New neural network design cuts AI costs for battery-powered devices
Researchers have created a neural network architecture that runs inference tasks on low-power microcontrollers without specialized hardware, dramatically reducing memory and processing demands. The breakthrough matters for companies deploying AI on IoT devices, wearables, and edge sensors where power consumption directly drives costs and device lifespan.

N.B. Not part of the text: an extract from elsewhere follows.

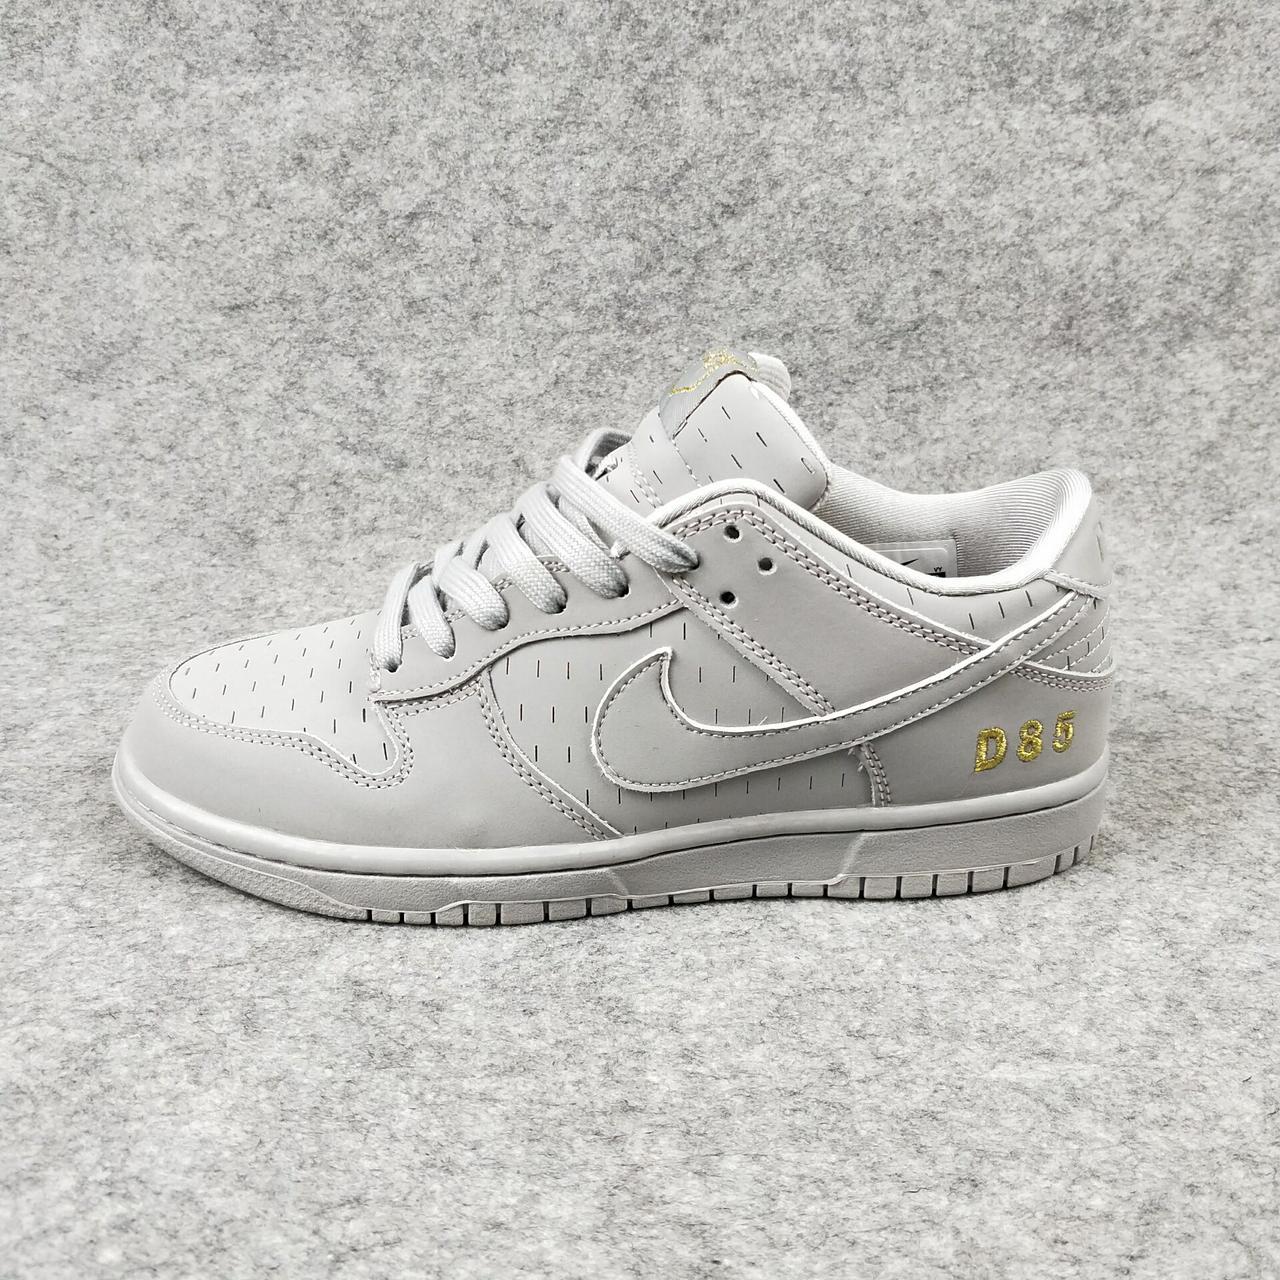 7799eb6a Кроссовки Nike SB Dunk Low Plattenbau найк реплика - Интернет-магазин  кроссовок
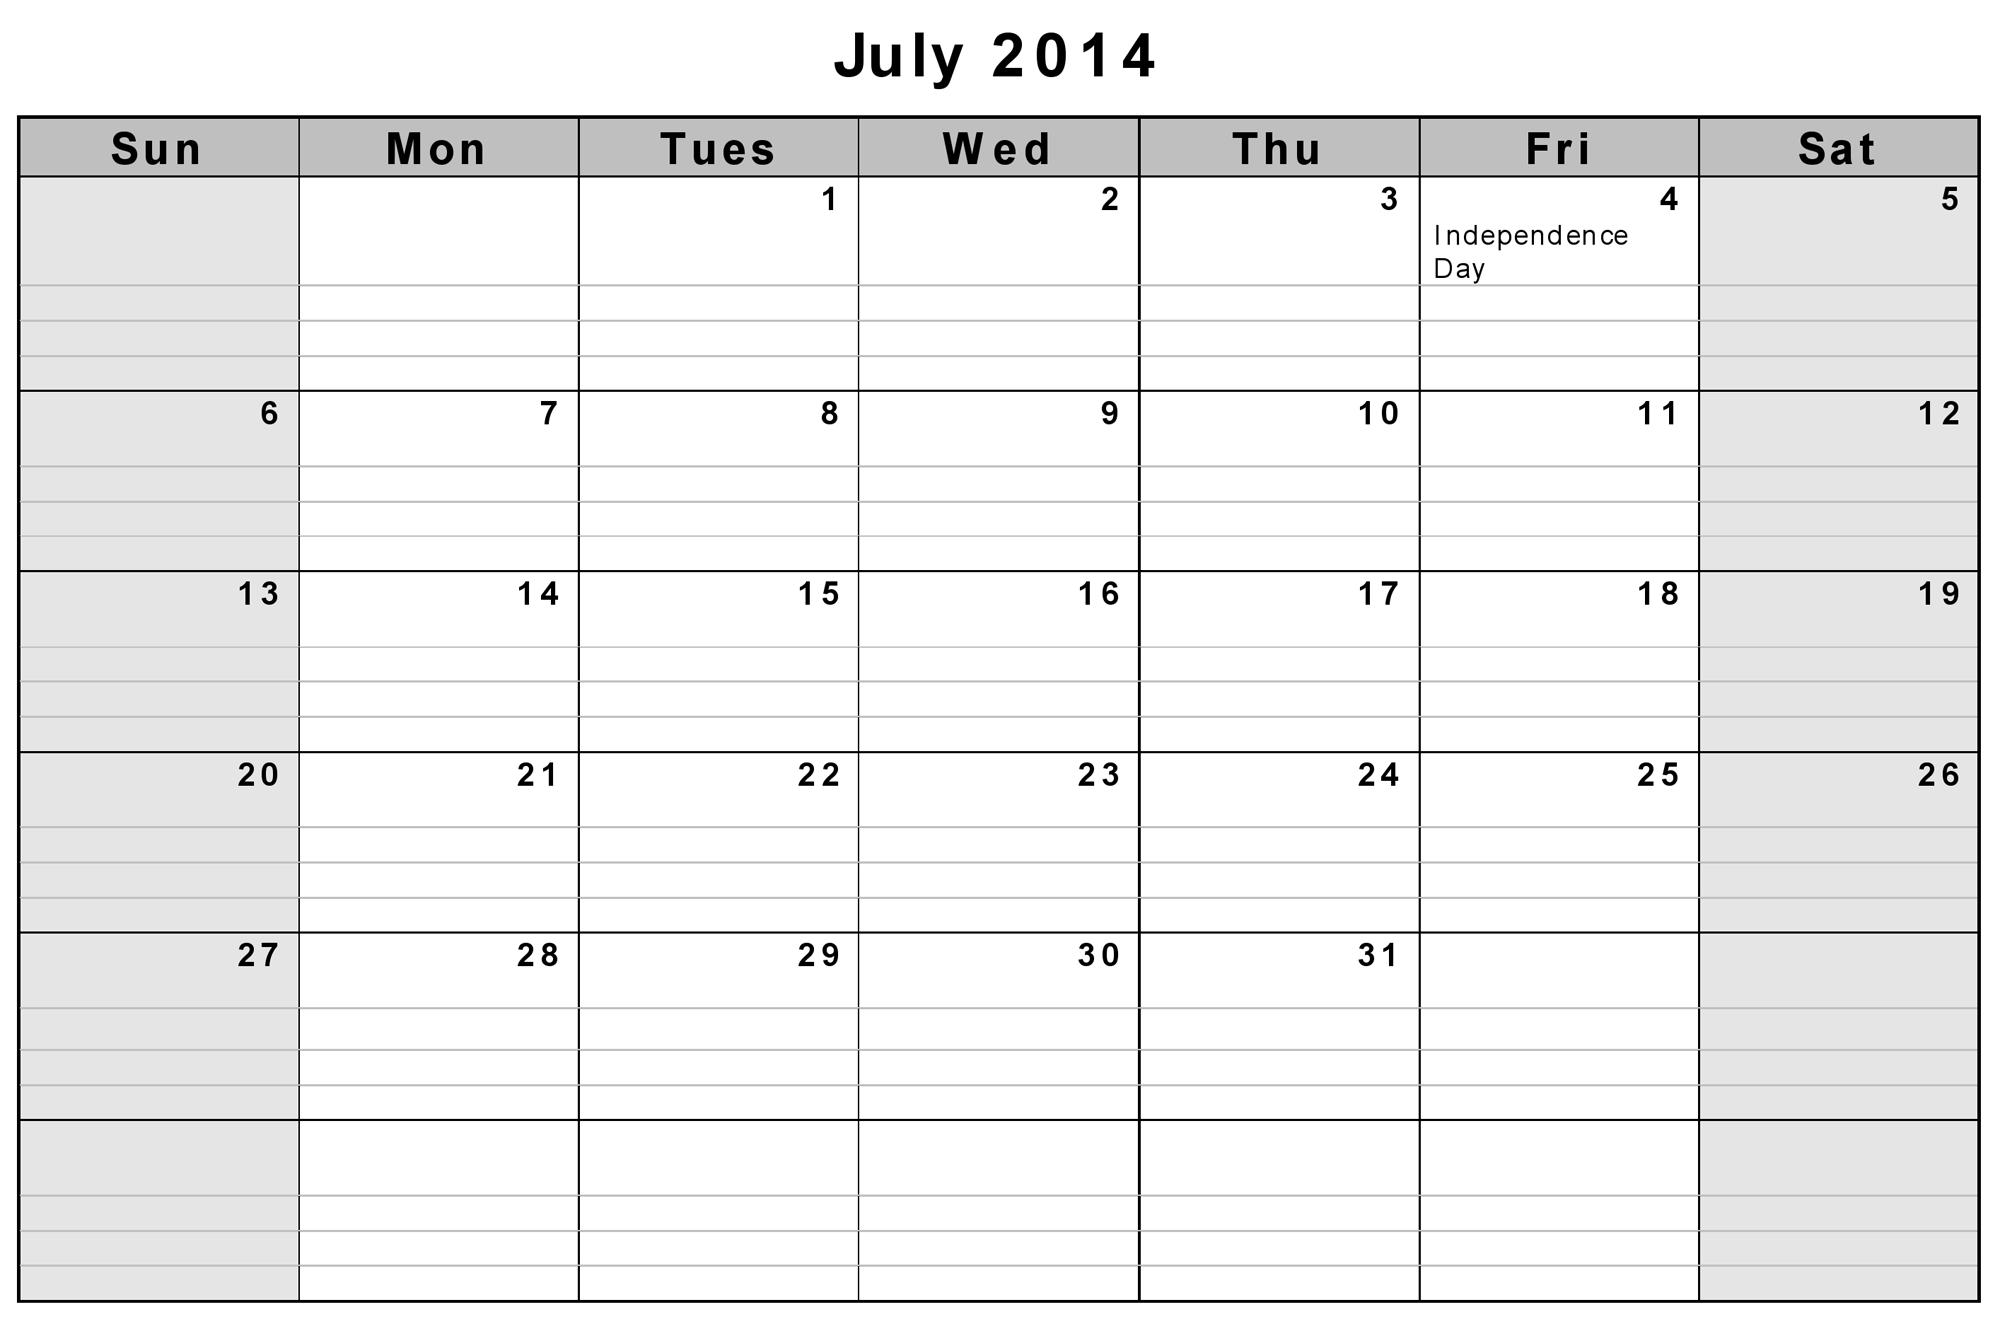 Calendar July 2014 Printable | galleryhip.com - The Hippest Galleries!

Originaltitel: Neuro-C: Neural Inference Shaped by Hardware Limits
We present Neuro-centric Networks (Neuro-C), a neural network architecture we design to eliminate multiply-accumulate operations for efficient inference on ultra-low-power microcontrollers (MCUs). Although some MCUs include specialized hardware for neural acceleration, many ultra-low-power MCUs do not, requiring neural networks to align with limited compute and memory resources. Rather than compressing existing models or assuming dedicated hardware, Neuro-C integrates hardware constraints directly into the architecture, effectively shaping the network design around the limitations of the target platform. We shift the computational burden from connections to neurons and encode connectivity with a fixed ternary adjacency matrix, overcoming the bottleneck of matrix multiplications and large weight storage. This design enables a specialized inference kernel implementation that reduces memory usage and latency through pointer-based traversal and sparse dynamic memory allocation, complex control flows, and index decoding logic common in sparse or compressed models. Experimental results show that Neuro-C achieves accuracy comparable to or better than standard multilayer perceptrons across multiple datasets, while reducing inference latency and program memory usage by up to 90%. Compared to conventional ternary neural networks, Neuro-C provides improved convergence and accuracy under identical architectural settings, with negligible impact on inference latency.